Contrary to many breathless headlines published throughout the pandemic extolling the benefits of lockdowns for the environment, the planet was actually warmer because of them, a new paper has found.
According to the latest research led by the US National Center for Atmospheric Research (NCAR), the emission of airborne particles, or aerosols, that block incoming sunlight and send it back out into space, dropped significantly in industrialized nations around the globe, spurring a small, but significant rise in temperatures.
Emissions of aerosols dropped during the springtime lockdowns of 2020, in sync with the precipitous drop in major industrial activity across the globe, allowing more of the sun’s light to reach the Earth, raising temperatures in industrialized nations like the United States and Russia
“There was a big decline in emissions from the most polluting industries, and that had immediate, short-term effects on temperatures,” said NCAR scientist Andrew Gettelman, the study’s lead author.
“Pollution cools the planet, so it makes sense that pollution reductions would warm the planet.”
In certain areas, temperatures were between 0.2 and 0.5 degrees Fahrenheit (0.1 and 0.3 degrees Celsius) warmer than expected for that time of year and given prevailing weather conditions.
Warming reached about 0.7 degrees Fahrenheit (0.37 C) in many parts of the United States and Russia, as aerosols tend to brighten clouds and reflect more of the sun’s rays back out into space while carbon dioxide and other greenhouse gases insulate the planet and trap the sun’s energy closer to the surface.
Gettelman stressed that, despite short-term warming in certain areas of the planet, the long-term effect of the pandemic and ensuing lockdowns would slightly slow the pace of climate change, due to the more gradual impact of reduced CO2 emissions in the atmosphere.
Gettelman and his co-authors from the universities of Oxford, Imperial College, and Leeds ran simulations using two of the world’s leading climate models, the NCAR-based Community Earth System Model and a model known as ECHAM-HAMMOZ, adjusting for aerosol levels during the lockdowns of 2020.

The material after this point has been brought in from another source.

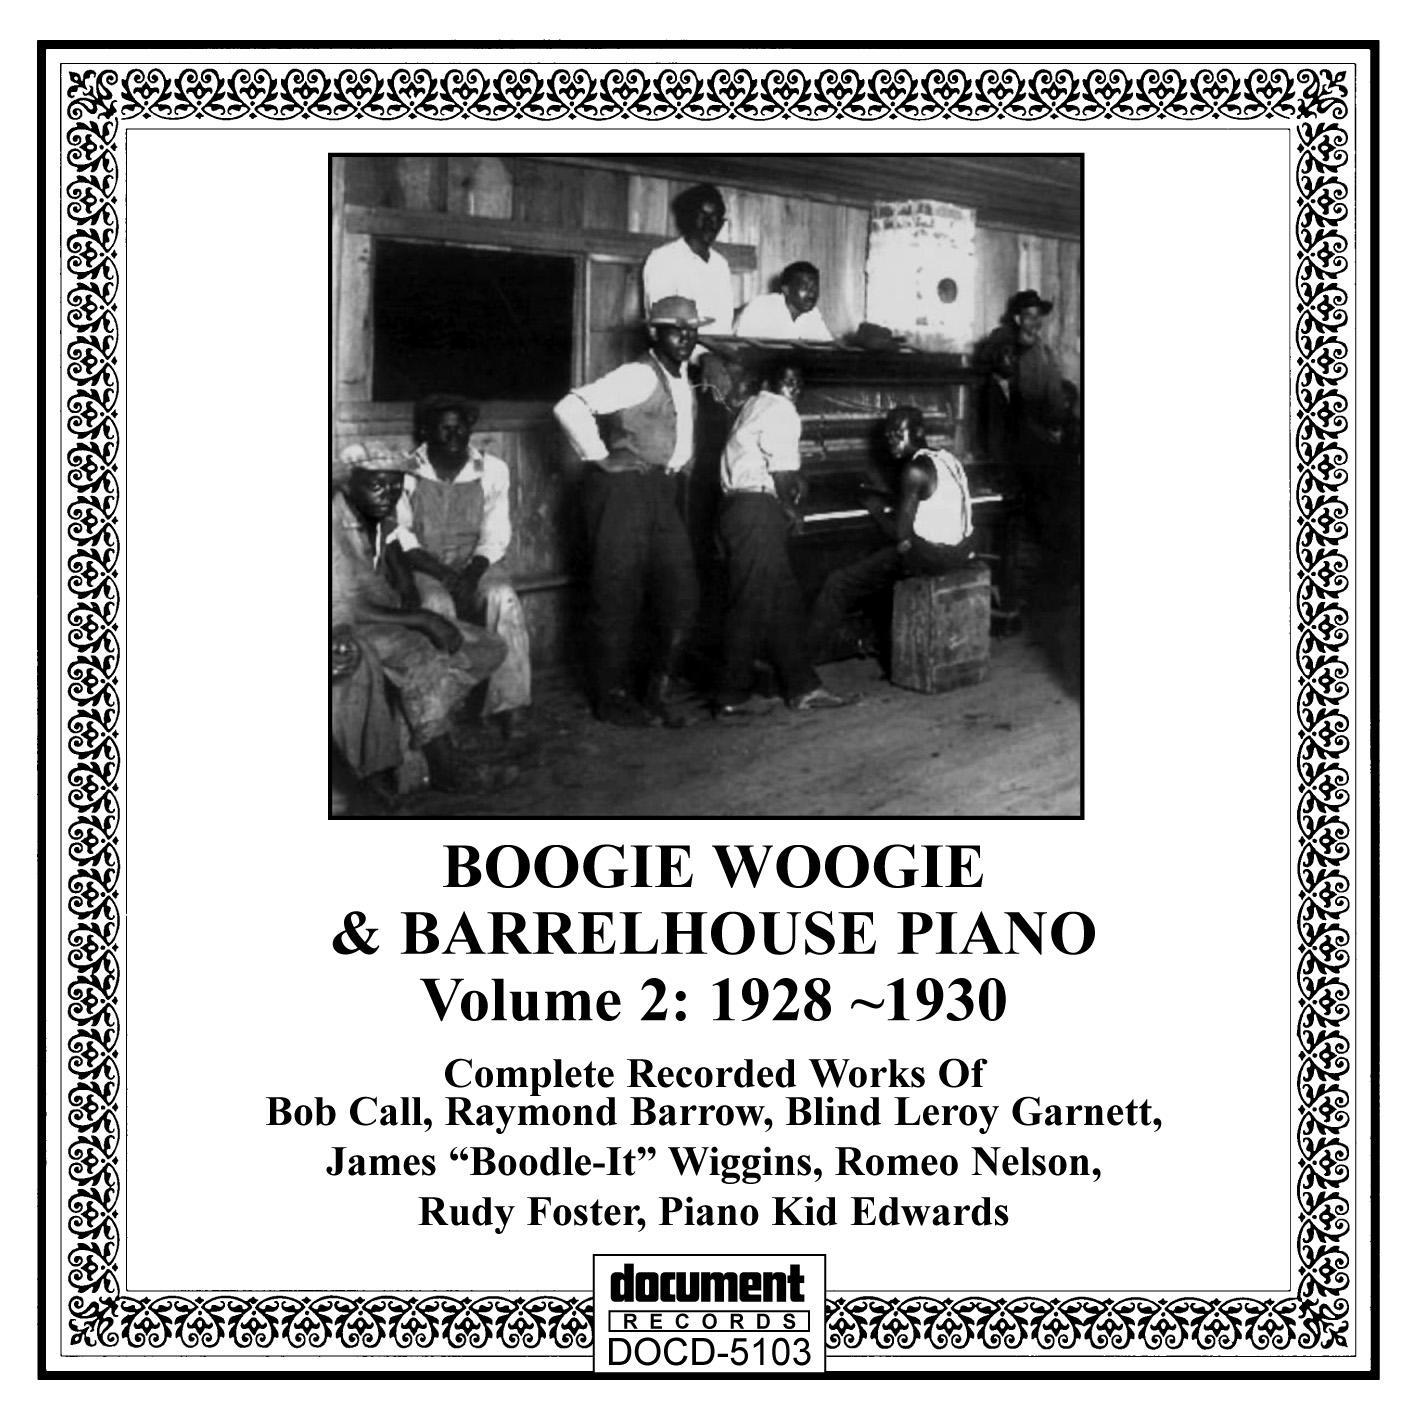 Boogie Woogie & Barrelhouse Piano Vol  2 (1928-1930) - The

The warming effect visible in their models was strongest in the mid and upper latitudes of the Northern Hemisphere, mixed near the equator and mostly negligible in the southern hemisphere, in line with the distribution of aerosol-producing, industrialized nations.
Lest anyone get too carried away by the research, Gettelman was quick to caution that simply pumping more aerosols into the atmosphere to stave off climate change would be a catastrophically bad idea.
“Aerosol emissions have major health ramifications,” he said. “Saying we should pollute is not practical.”